The way we farm animals as though they were insentient machines was not something I could support.

It’s been an interesting journey. The snails were the catalyst, a turning point; Animal Liberation sealed it. It has probably been the most influential book I have read, and possibly one of the most influential books written. When I first became vegetarian, eating out was no fun as there were no vegetarian options. The restaurant would normally direct me to the fish dishes. When we ate out, my partner would joke: “What are you having? Salad and chips?”

Chinese and Lebanese became favourite options.

What a change in fifty years. We’ve had the explosion of ethnic restaurants and of groups with dietary restrictions; almost all food venues now include not just a vegetarian option but a vegan one as more and more people reject meat. Even Benalla’s Coles now offers a dedicated vegan fridge, with “vegan” proudly stamped on the packaging of processed food. This shift has happened for a variety of reasons: health, religious, animal welfare and more.  

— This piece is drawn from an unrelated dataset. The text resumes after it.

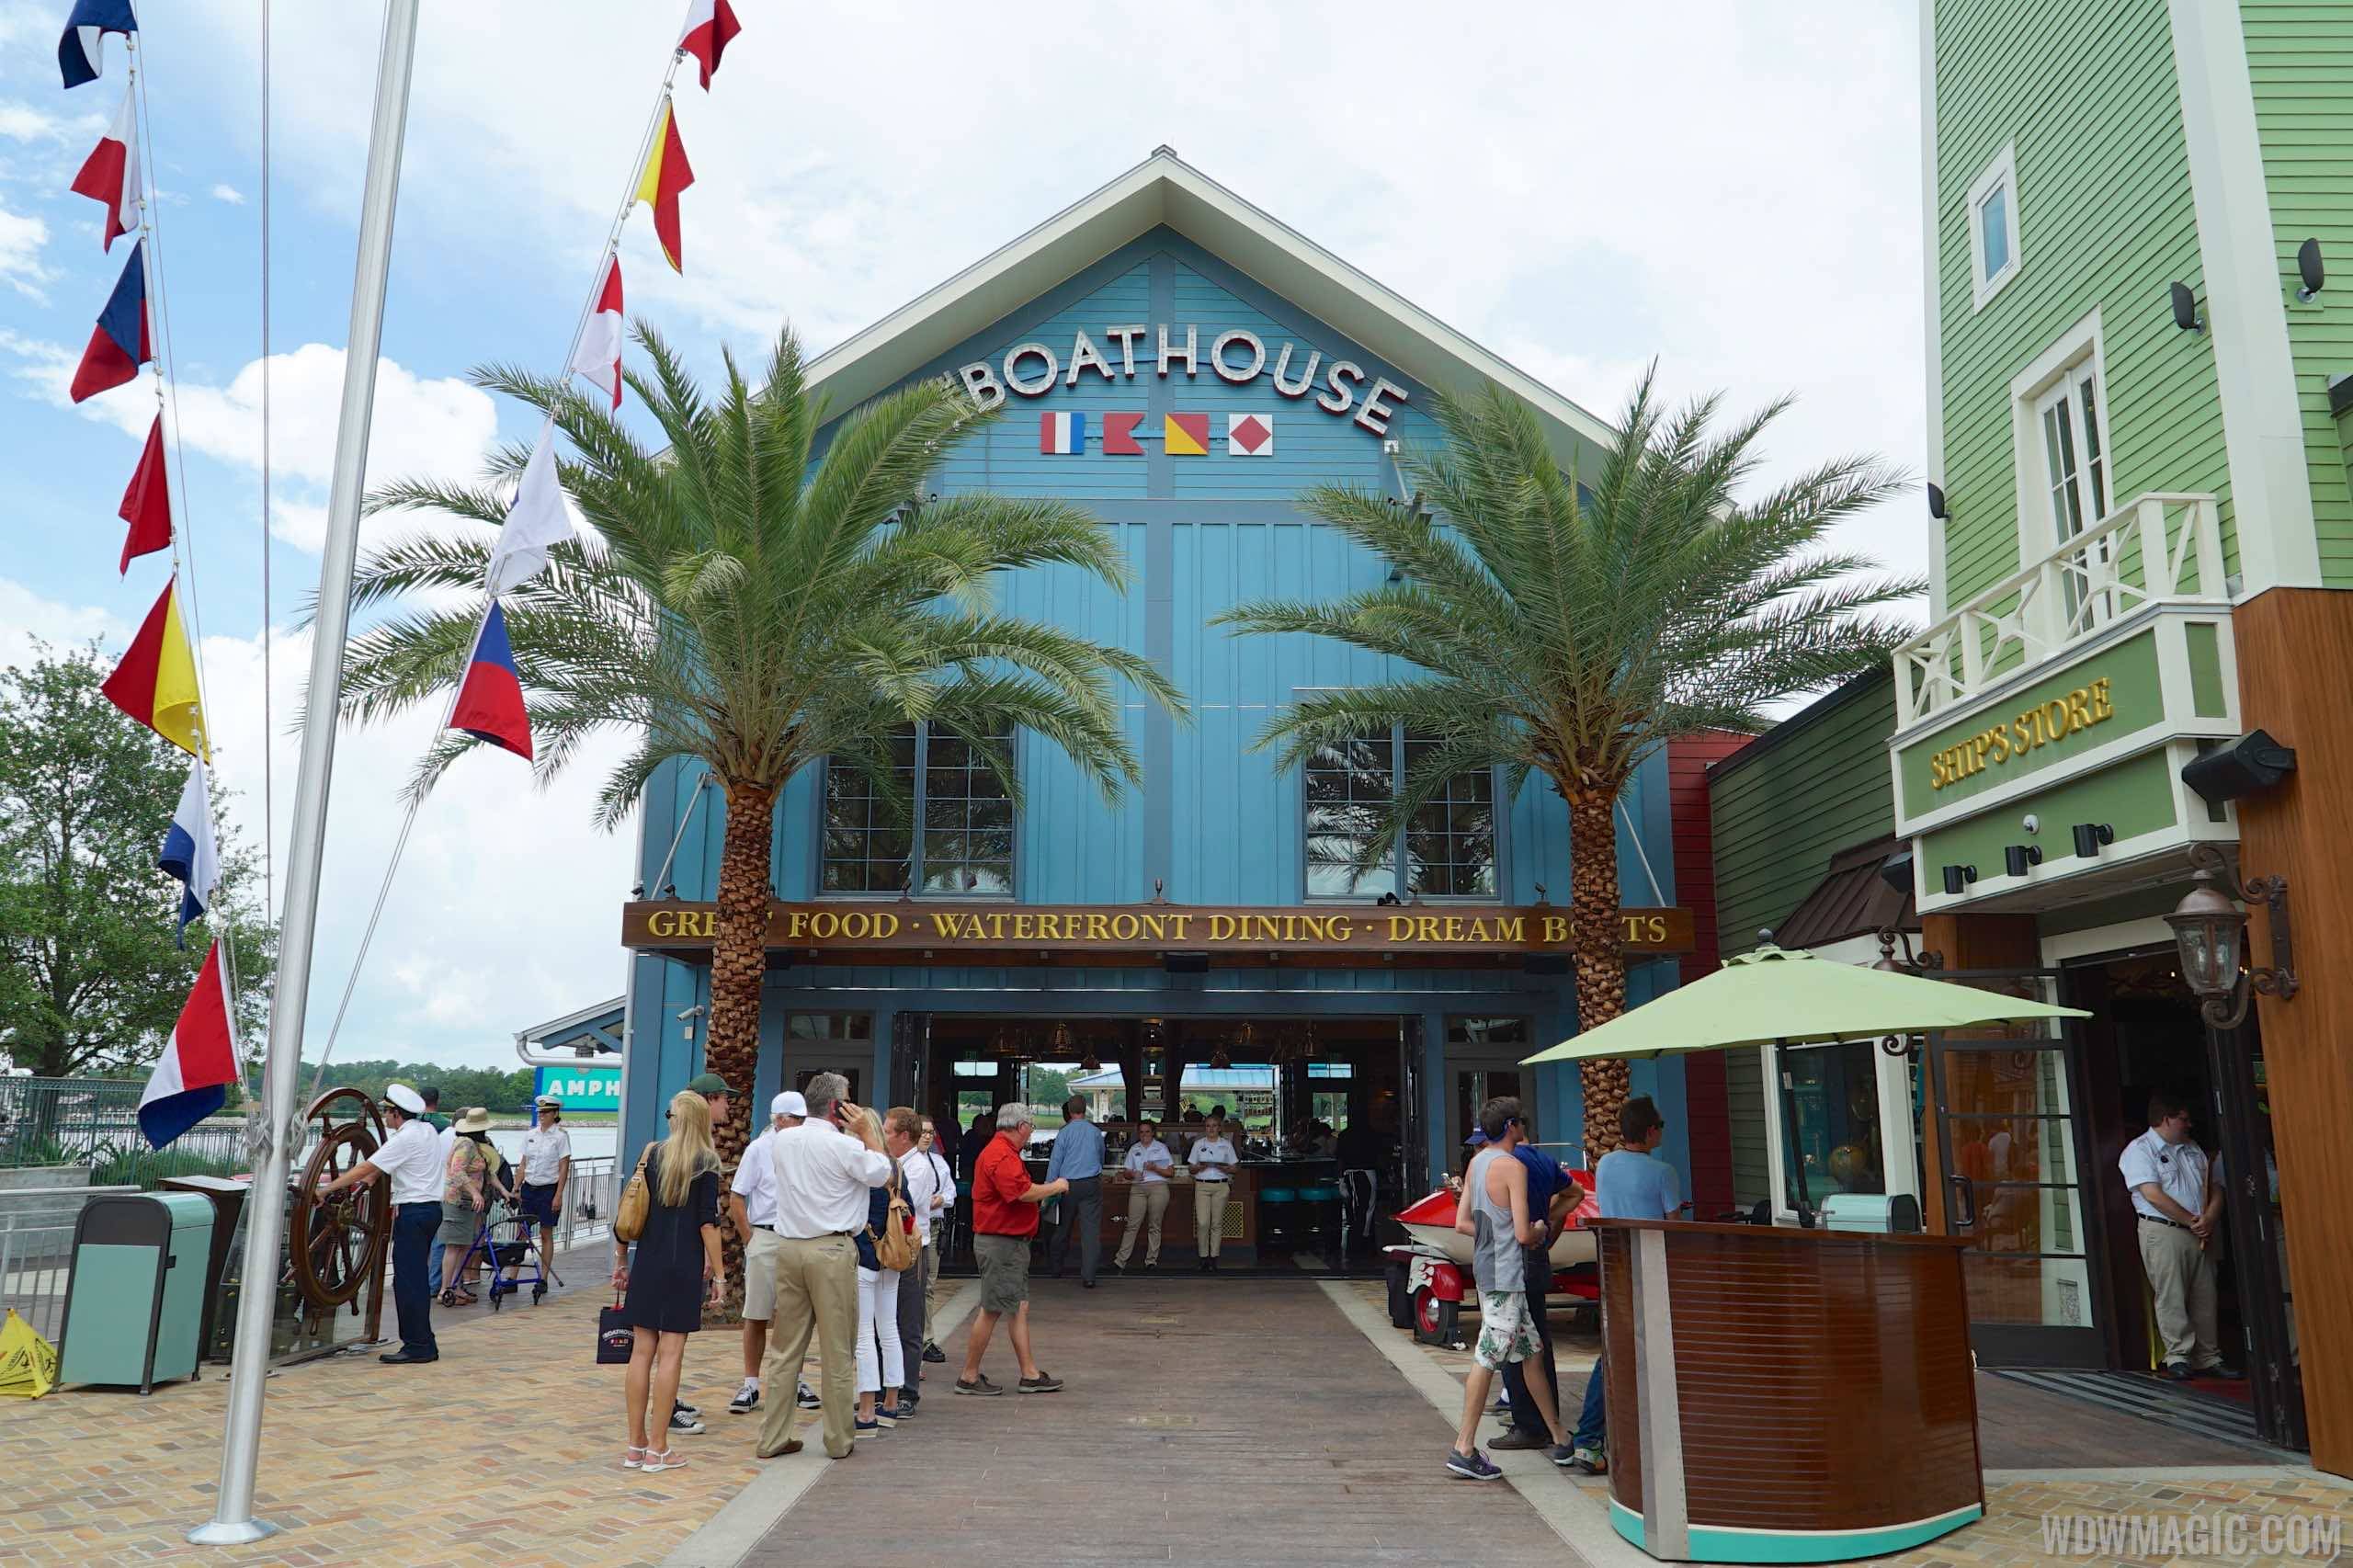 PHOTOS - Grand opening day photo tour of The BOATHOUSE at Disney Springs

So, here’s to snails, gastropods with an amazing physical structure and a private life to match.  As Van Gogh said “If you truly love nature, you will find beauty everywhere”


Delfina Manor
October 2024

* Written for the 'As Time Goes By' memoir writing topic 'Turning Point' in October 2024.
https://en.wikipedia.org/wiki/Land_snail (worth a read, you’ll never look at snails in the same light!)
 
Disclaimer: I wrote this before I heard about the film “Memoirs of a snail”. It’s the cosmic brain at work again… ☹ ...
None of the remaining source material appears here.